As you can see, the trajectory of a chaotic system is highly dependent on initial conditions. If we know the initial conditions, then we know exactly how the system will progress. In other words, every time we simulate the chaotic system with N0 = 0.3, it will always be the exact same solution. In that sense, there is nothing random about it! So going back to our original question, how is it that rnorm(1) gives us a different value every single time? If the chaotic system is “seeded” with a random initial condition, can we really say that the sequence of numbers are random. So how do we seed it with something “random?”
Coupling randomness w/ deterministic chaos
#Generate a random seed
random_seed <- format(Sys.time(), "%OS5")%>%
substr(start = 3, stop = 7)%>%
as.numeric
#Use the seed as initial condition
logistic_map(r = 4, N0 = random_seed, timesteps = 30)%>%
tail(20)%>% #remove transient
order() #ignore the values and just look at their order
## [1] 19 20 7 4 14 10 8 12 2 5 17 15 16 1 11 9 13 3 6 18
Let’s apply the CLT to see if we can convert a chaotic system into a Gaussian random variable.

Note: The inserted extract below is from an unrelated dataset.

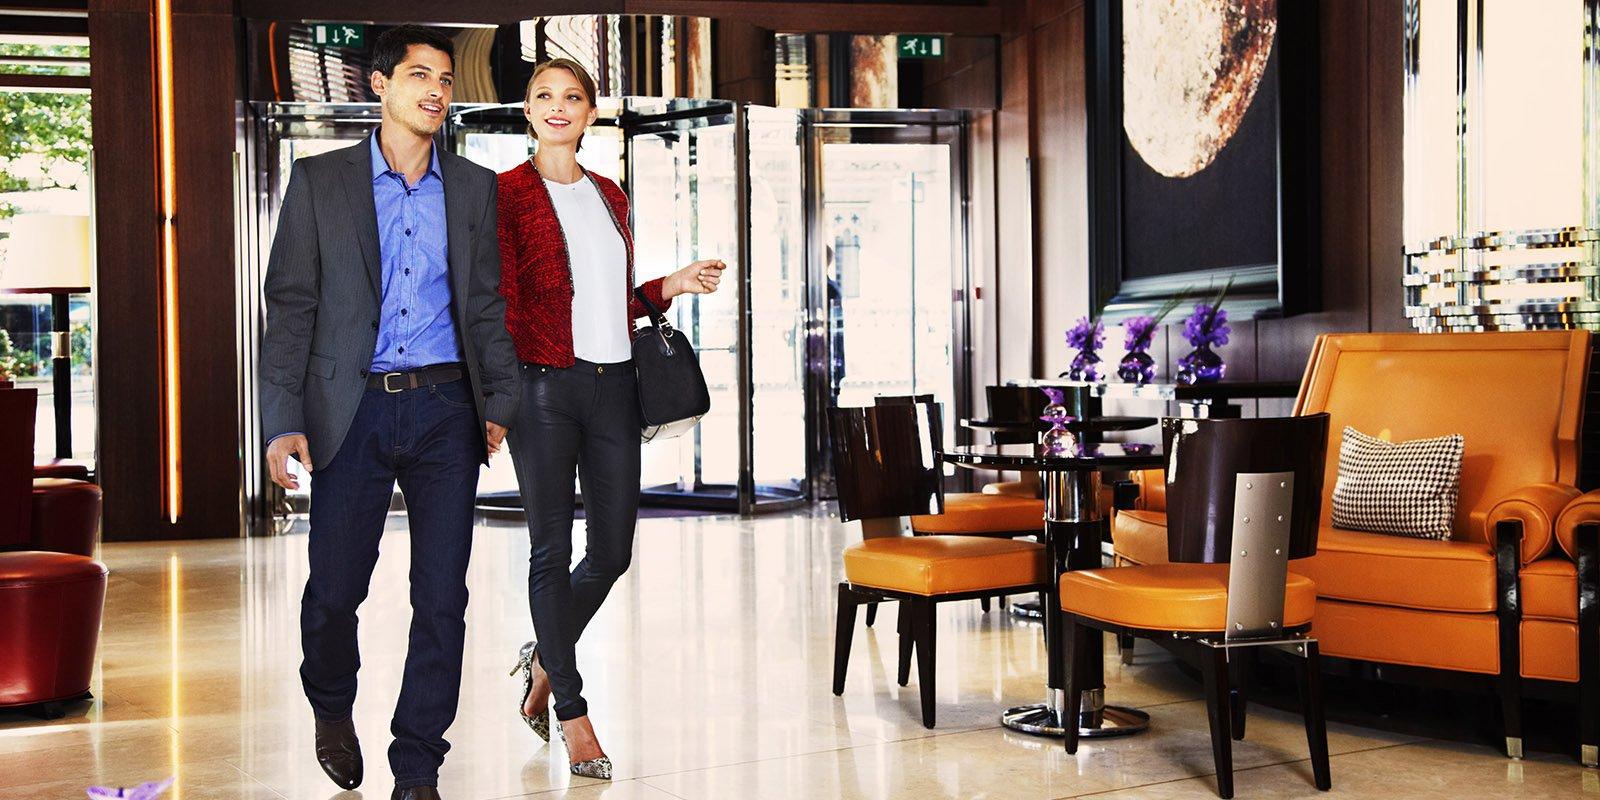 Hotel & Resort Lifestyle Shoots

The Central Limit Theorem states that when independent random variables are summed up, the distribution of those summed statistics will approximate a normal distribution.
We can “simulate” independent variables by dividing up a single chaotic series into chunks, we assume that each chunk represents an independent variable.
Task 3c. Using chaos coupled with a random seed and the CLT, create a random variable that follows a normal distribution.